Ao lidar com medos e temores contemporâneos, a ficção especulativa resulta abordando as consequências, trajetórias, decorrências, problemas históricos e atuais da civilização ocidental, conclamando o leitor à reflexão e implicando também num duplo envolvimento, tanto emocional quanto racional, com a temática abordada, o que sugere a literatura como ampliadora da capacidade de mobilização crítica do leitor frente à realidade e o aumento do grau de consciência dos problemas contemporâneos.

O medo faz parte das decorrências do progresso da civilização. À palavra “progresso” aproxima-se, de início, num campo semântico positivo, na significação de um avanço contínuo em direção a algo melhor, ligando-se à noção de êxito, de coisa desejável. Entretanto, ao progresso associa-se também o medo, sentimento ancestral humano que se relaciona a perigo, a algo a ser evitado, ao que não apenas se rejeita como também se deve fugir, com forte significação cultural negativa. Este duplo caráter do progresso e do avanço técnico-científico é a quinta-essência da civilização e do homem moderno, inserido numa sociabilidade fundada em paradoxos. E é o núcleo argumentativo da literatura especulativa.

Não se deve, contudo, pensar a literatura de ficção científica como instrumento de mera antecipação de questões científicas, sociais, tecnológicas, políticas, econômicas, ambientais ou de ferramenta para a proposição de possíveis soluções.

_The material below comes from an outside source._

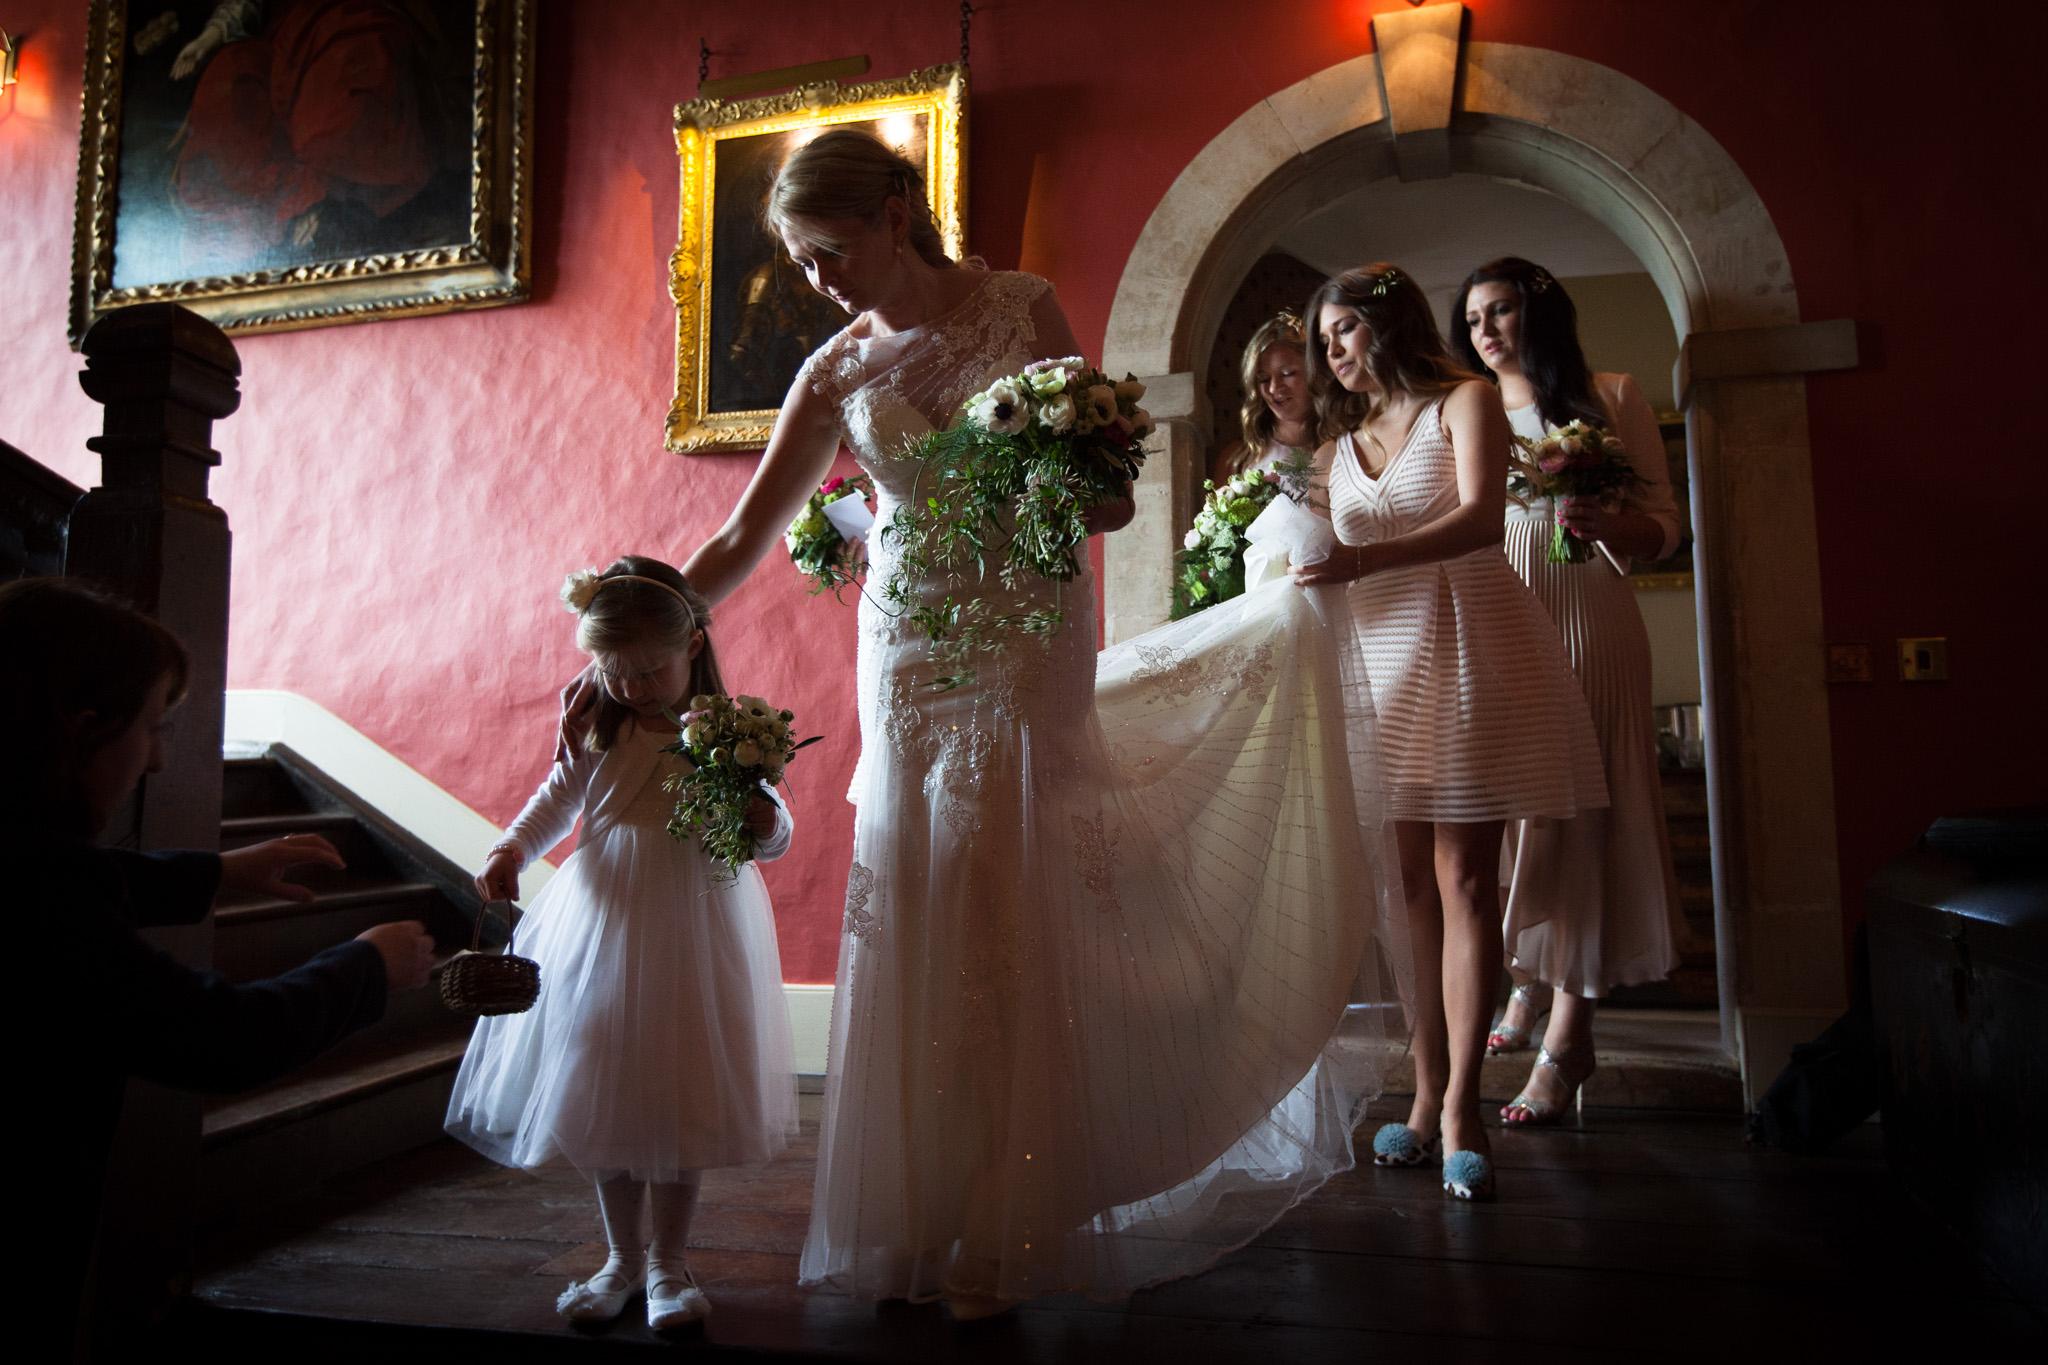 Mark_Barnes_Gloucester_Wedding_Photographer_Elmore_Court_Wedding_Photography_Mike+Kelly-27.jpg

Pelo contrário, o que há de se considerar é a imensa potencialidade que carrega para estabelecer, por meio do pulsar estético da arte, terrenos fecundos para o pensamento crítico sobre temas contemporâneos, como identidade, ética, responsabilidade, meio ambiente e futuro, mobilizando sujeitos-leitores para uma existência mais responsável e prudente. A catarse literária pode viabilizar a contemplação das ruínas do futuro e dar ao leitor a chance de uma reflexão crítica mais abrangente, uma visão imaginária das possibilidades (perversas ou utópicas) de construção coletiva do porvir. E a literatura de ficção científica, relacionando palavras, memória e futuro, pode alcançar, assim, funções heurísticas e educativas adicionais às estéticas do pensar.